Listening to rabbi Sassoon, I felt I was listening to a Iyob of our generation.  Iyob also lost it all (although the comparison might not be very fair, because, unlike the Sassoon family, the Gemara asserts that Iyob may have been a literary character, and not a historical one). Iyob lost his fortune, his health, and worst of all, he lost all his sons and daughters in one single tragedy. Iyob’s friends came to comfort him. They were good people, pious believers who tried, with the best intentions, to justify the lethal “act of nature” (a storm) which took the lives of his beloved children. “You must have sinned. God, who controls nature, would have never punished the innocent,” they said. Iyob listened to his friends, but rejected their arguments and insisted on defending his innocence. At the end of the story, God reveals Himself to Iyob in a vision from within a storm, challenging Iyob’s belief that he understood the way nature works. Nature (“Creation”) has a somewhat visible, predictable and understandable mechanism, which pales in simplicity compared to the intricacies of God’s infinite ways in His administration of justice with mankind. Iyob, speechless, finally admits the limitation of his understanding.
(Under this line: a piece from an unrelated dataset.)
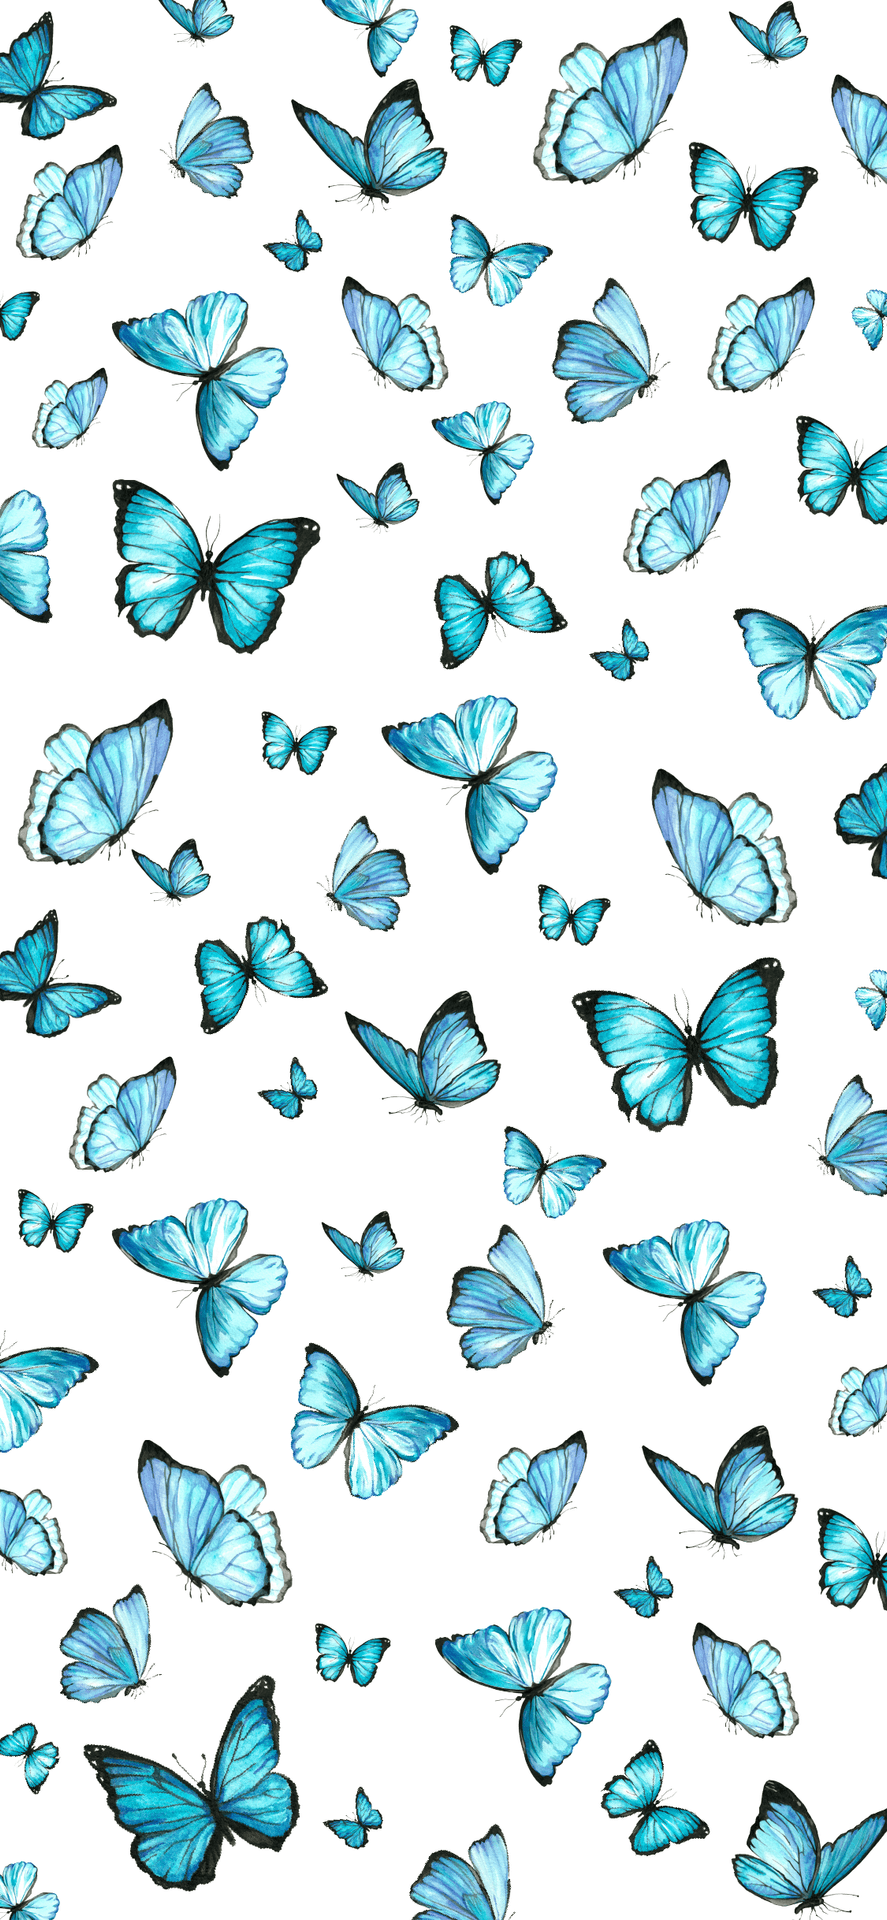 A Glowing Blue Butterfly

And through this showing of the limits of Iyob’s mind, God dissuades Iyob (and the reader) from expecting to comprehend how God’s justice functions. Left with no answers, Iyob humbly accepts God’s decrees: he “surrenders” and renounces the presumptuously futile endeavor of deciphering  God’s mind.

Like Iyob, Gabriel Sassoon rejected man-made explanations for his tragedy. The most important part of his short but immensely powerful speech, in my opinion, was when he mentioned a story, perhaps a legend, from the time of Spanish Inquisition (ca. 1480). It was about a Jewish woman who tragically lost all her children. She told God: “I used to love all my children, and now they are gone. Now, my love is free for You, and I am going to love You as much as I can.” At this point of the speech, I expected Rabbi Sassoon to endorse this glorious, super-human, expression of piety. Instead, the bereaved father shocked all his listeners with a monumental manifestation of humbleness, courage and vulnerability. Referring to the story from the Inquisition he said emphatically: “I don’t agree with that at all.  When you love your child, you are loving HaShem,” who gave your child as a gift to you. “The child’s smile, his giggle, his laughter, his successes, his dreams… that’s a reflection of HaShem. Loving your wife or your husband, is a reflection of HaShem. Loving a total stranger, is also a reflection of HaShem. Every relationship we have is a reflection of HaShem. It is a different aspect of the infinite, that we experience… I lost that now. I can’t experience that anymore”.

The book of Iyob ends with an unexpected twist. Iyob, the man who did not comprehend God’s justice but ended up surrendering his human understanding, is rewarded by God. But ironically, his friends, those who tried to explain and justify God’s justice, “the advocates of God”, were ordered to bring a Qorban Hattat, an expiatory sacrifice that one needs to bring to atone for an unintentional sin.

As we prepare for our first Shabbat after this tragedy, and as we all will be checking our hot plates and smoke alarms, let us also remember and draw inspiration from the words of Gabriel Sassoon.   Let us honor Sassoon’s call to embrace and enjoy “the most important thing in our lives”. Focusing our energies in doing hesed for one another.  Loving our spouse, loving our peers and the stranger.  And those of us who are fortunate to have a child–let us realize that we have it all! Let us be grateful to HaShem, and understand that the privilege of having loved ones reflects HaShem’s love for us.  We all are His children.  The good things we do for each other mirror, and are a reflection of HaShem’s eternal love for us.  When we love our children we are loving that which was given to us by HaShem with love. By doing this, by echoing and answering Gabriel Sassoon’s most urgent call, we will honor the memory of his precious children the way he wants it.

May HaShem bless those who have the strength to surrender to Him, in the most difficult times.

I pray to HaShem to bless Gabriel Sassoon’s wife, Gayle Sassoon, and their only surviving child, 15-year-old daughter, Siporah with strength and health.